The nuclear industry's answer to all this is that the new, simpler AP1000 reactor would be cheaper. But not a single prototype has yet been built.

Second, nuclear generates colossal amounts of toxic waste. Britain already has 10,000 tonnes of intermediate and high-level waste, and the Department of Trade and Industry has estimated that this inevitably will rise 50-fold to half a million tonnes by 2100, even without more nuclear stations. Is it sensible to generate huge additional heaps of dangerous waste?

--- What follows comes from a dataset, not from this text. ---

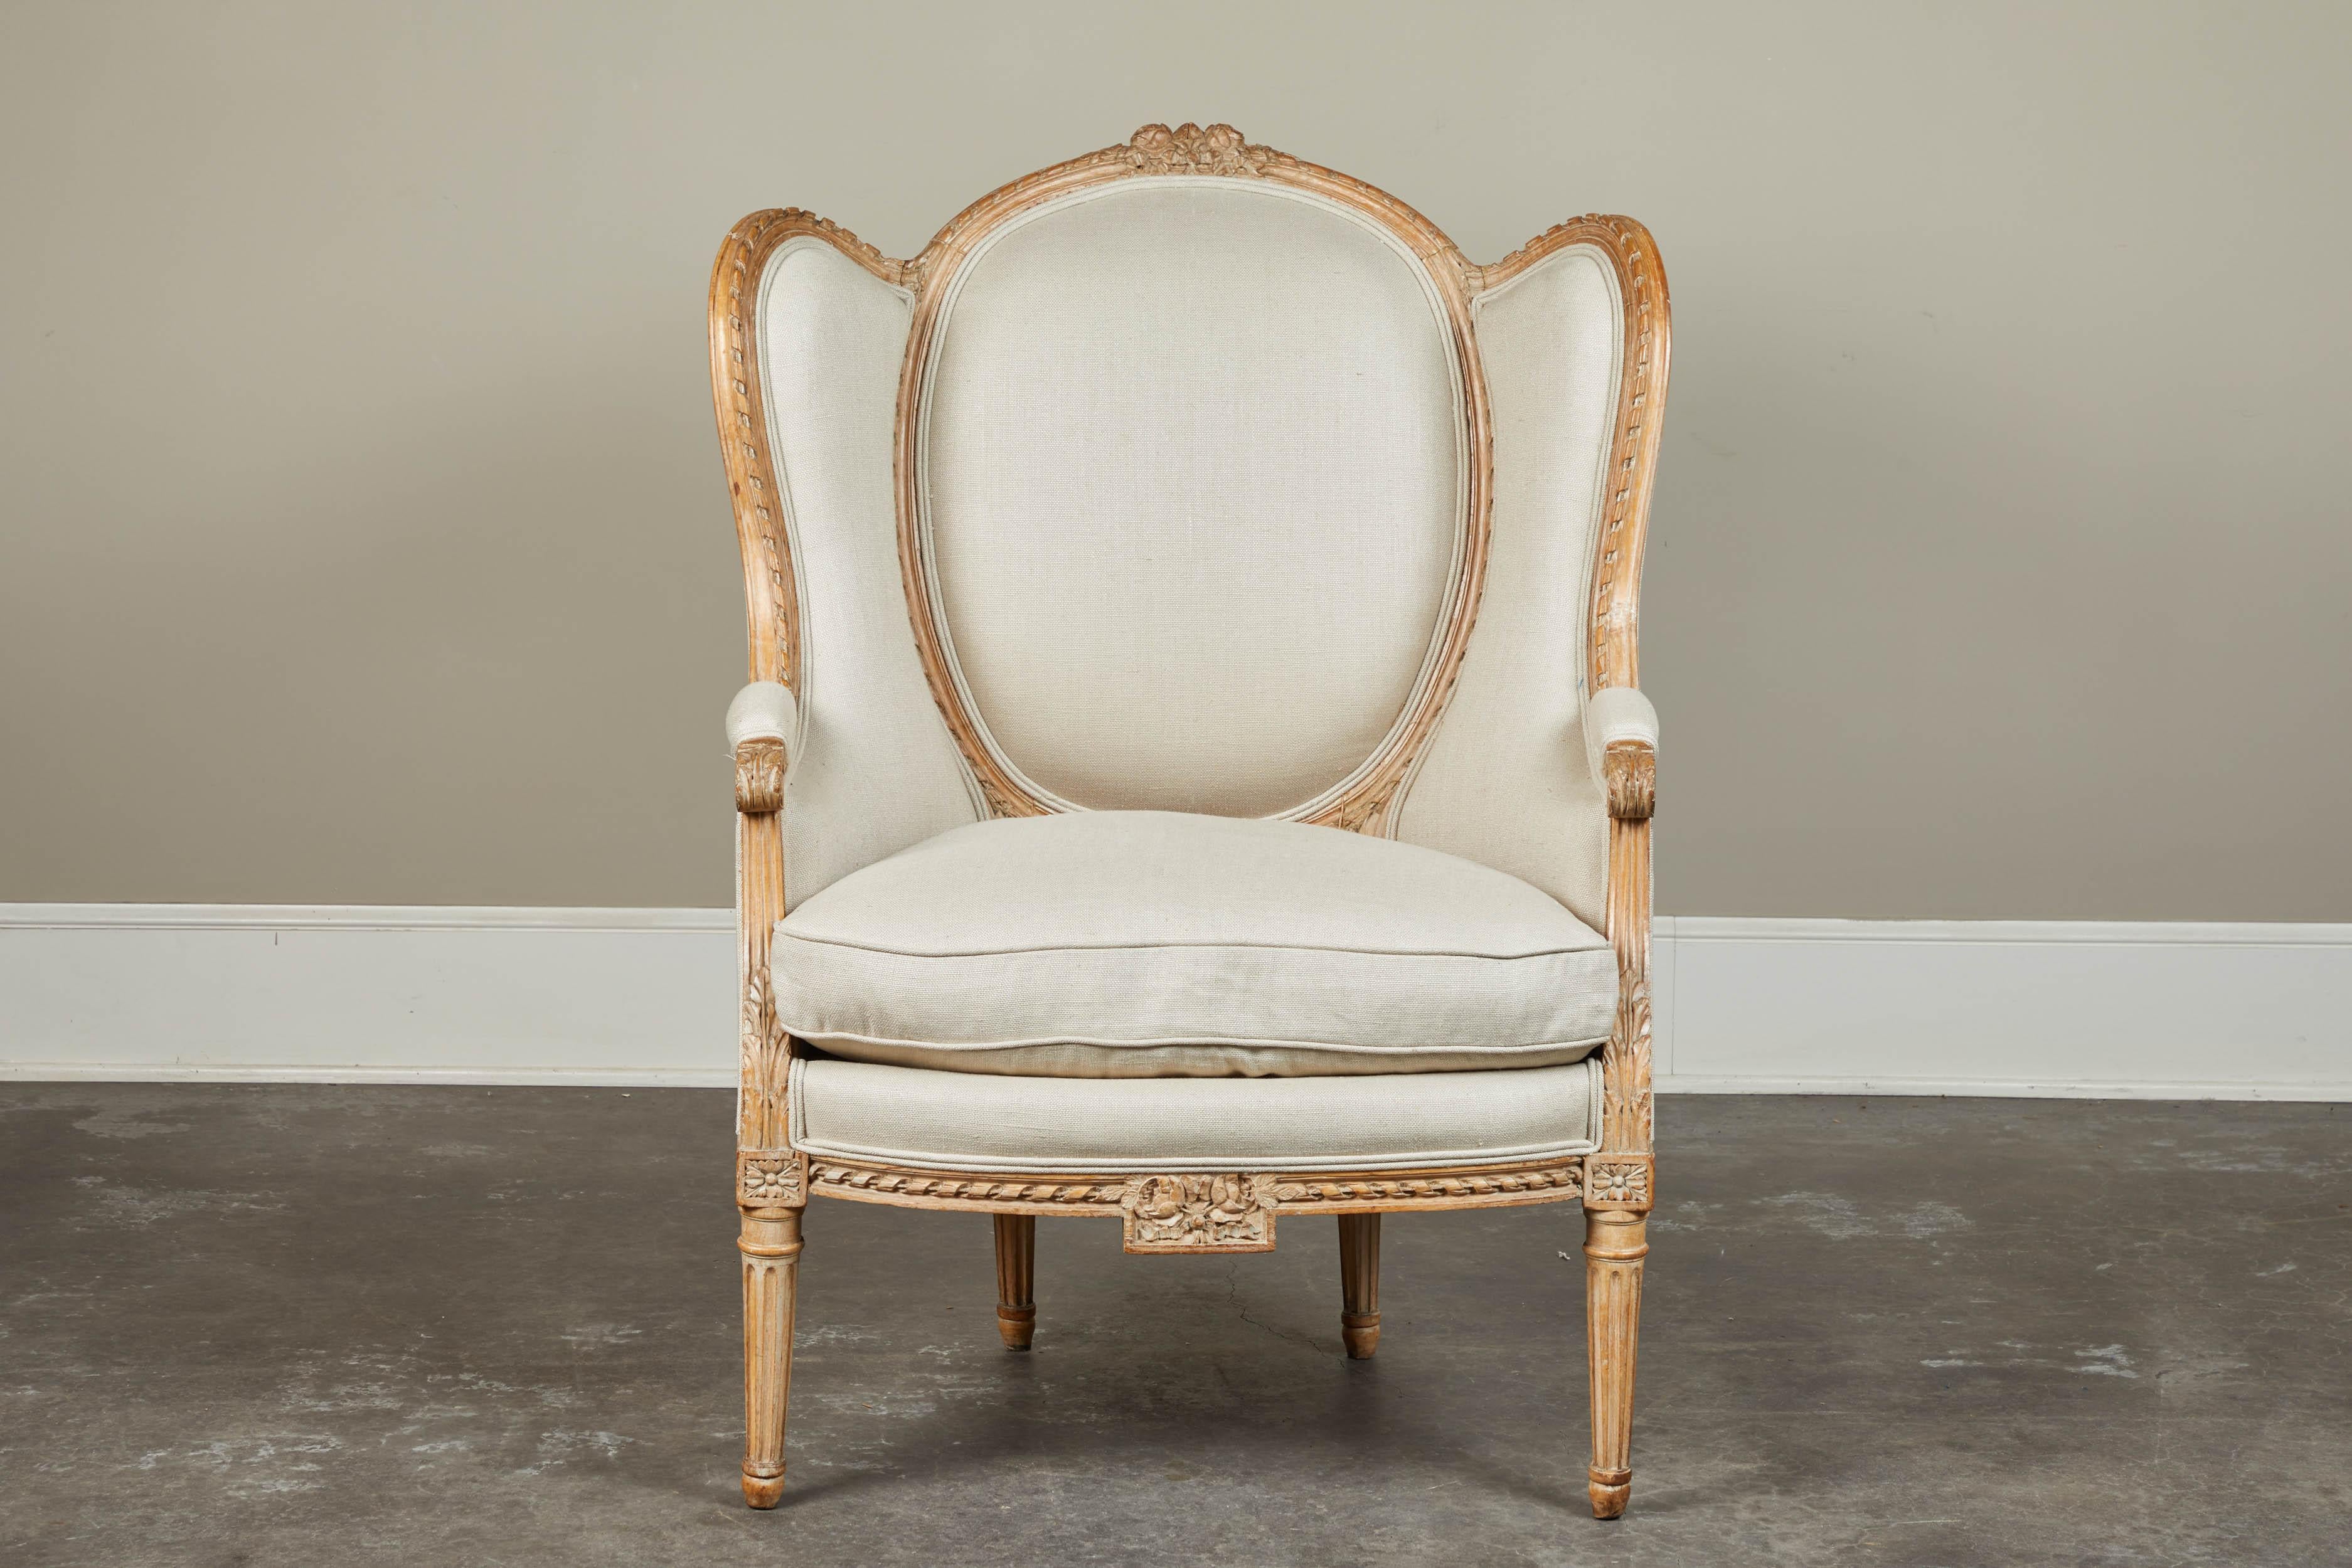 Un fauteuil à oreilles français très joliment sculpté, avec une tapisserie en lin massif. Coussin de siège amovible et garniture en bois clair, vers le XIXe siècle.

As environment minister, I set up the Committee Examining Radiation Risks of Internal Emitters to examine the large amount of evidence that releasing radioactivity may be more dangerous than previously thought. In the 20 years since the Chernobyl disaster, hundreds of studies have shown increased rates of many cancers and diseases, both near Chernobyl and beyond. Within months of the accident, leukaemia in infants increased sharply in several European countries and even in the US. The nuclear industry's favourite explanation for this is that leukaemia is caused by population mixing. But it would seem that perhaps radioactivity could be a more plausible explanation.

In Britain, the increased incidence of cancer and childhood leukaemia has been associated with discharges from the Sellafield nuclear power plant in Cumbria, and a 2004 report for Welsh television indicated that cancer data from Wales may have been manipulated to cover this up. Meanwhile, the government's Committee on Medical Aspects of Radiation in the Environment has denied any link between Sellafield and the persistent childhood leukaemia cluster in nearby Seascale.

If these diseases have been caused by radioactivity in the environment, it follows that the risks of some kinds of exposure have hitherto been hugely underestimated.

Britain needs nuclear like a hole in the head.